The error: the Virginia company had only screened for matches of full names, not partial names. So it missed “Almaz-Antey” — a mistake that cost the company $87,500.
How should my screening effort work?
Every business will need to find its own path to effective sanctions screening, depending on your industry, customer base, and business processes. That said, a few best principles will always apply to all businesses trying to get your sanctions compliance program into good shape.
Visibility into third-party risk matters. You cannot screen your customers and third parties against sanctions lists if you don’t know who your third parties are. Compliance teams must have visibility into procurement, accounts payable, and sales functions to see all the third parties in your company’s orbit; and then feed those names into your screening tool.
Your screening technology matters. Find a reliable, reputable screening partner. Confirm that the vendor can search multiple name spellings (especially important for names translated from languages that don’t use the Roman alphabet). Confirm that it can screen fields related to international wire transfers, such as SWIFT banking codes. Test the vendor’s screening technology for accuracy and configuration.
For example, just last week the U.S. Securities and Exchange Commission fined Wells Fargo $7 million for anti-money laundering failures, where the bank failed to cross-reference country codes used on a money-laundering watchlist with the country codes used to process wire transfers. The bank hadn’t configured and tested its screening technology properly.

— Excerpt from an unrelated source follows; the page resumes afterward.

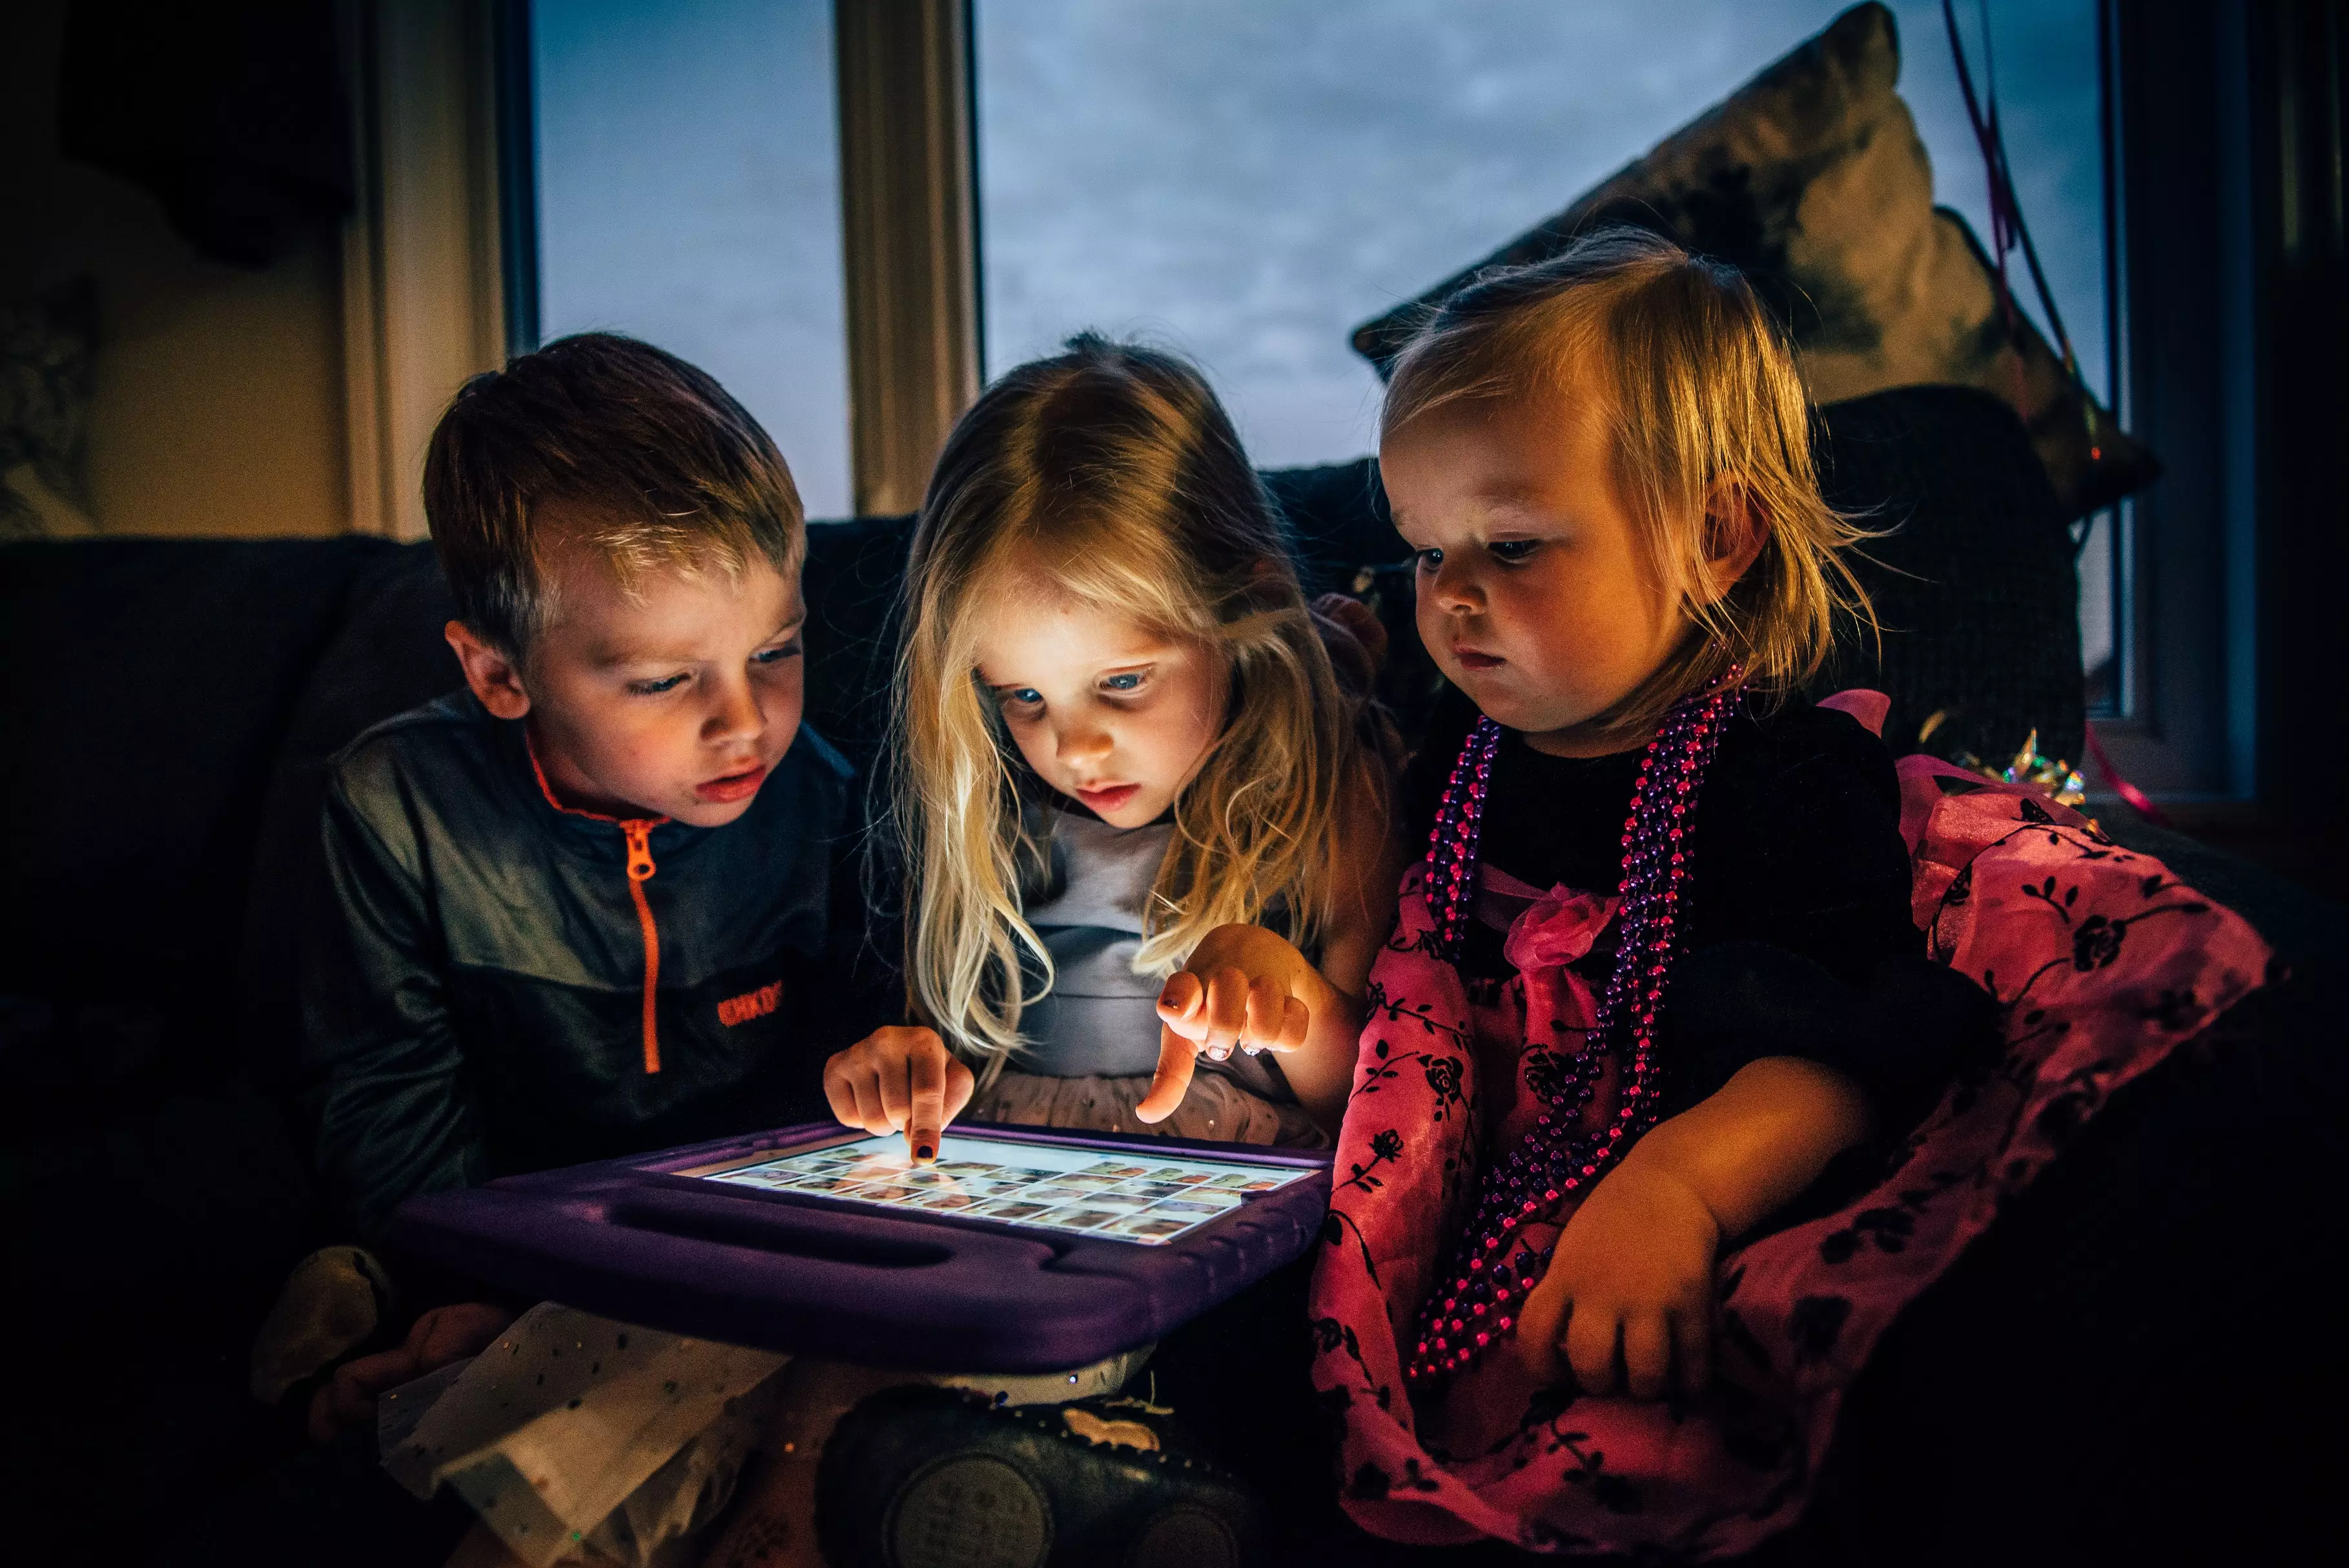 Some 28 per cent of parents said they found their kids playing on a device (

Tie your screening to other due diligence efforts. Effective sanctions compliance goes beyond screening; it should be part of a larger due diligence effort that helps your company to avoid doing business with unsavory third parties. For example, your company should perform due diligence on all customers to see whether they serve on the boards of sanctioned businesses. You should design customer in-take procedures so that employees ask such questions of sales prospects (even knowing that sanctioned persons will probably lie about it).
In short, screening is one part of a larger process of third-party risk management that every business should develop.
Don’t perform sanctions screening in a vacuum, simply because regulators require it; screening should fit within the larger goals of managing the risks that third parties pose to your company and running an ethical business. The benefits — financial, operational, legal, reputational — will be well worth the costs.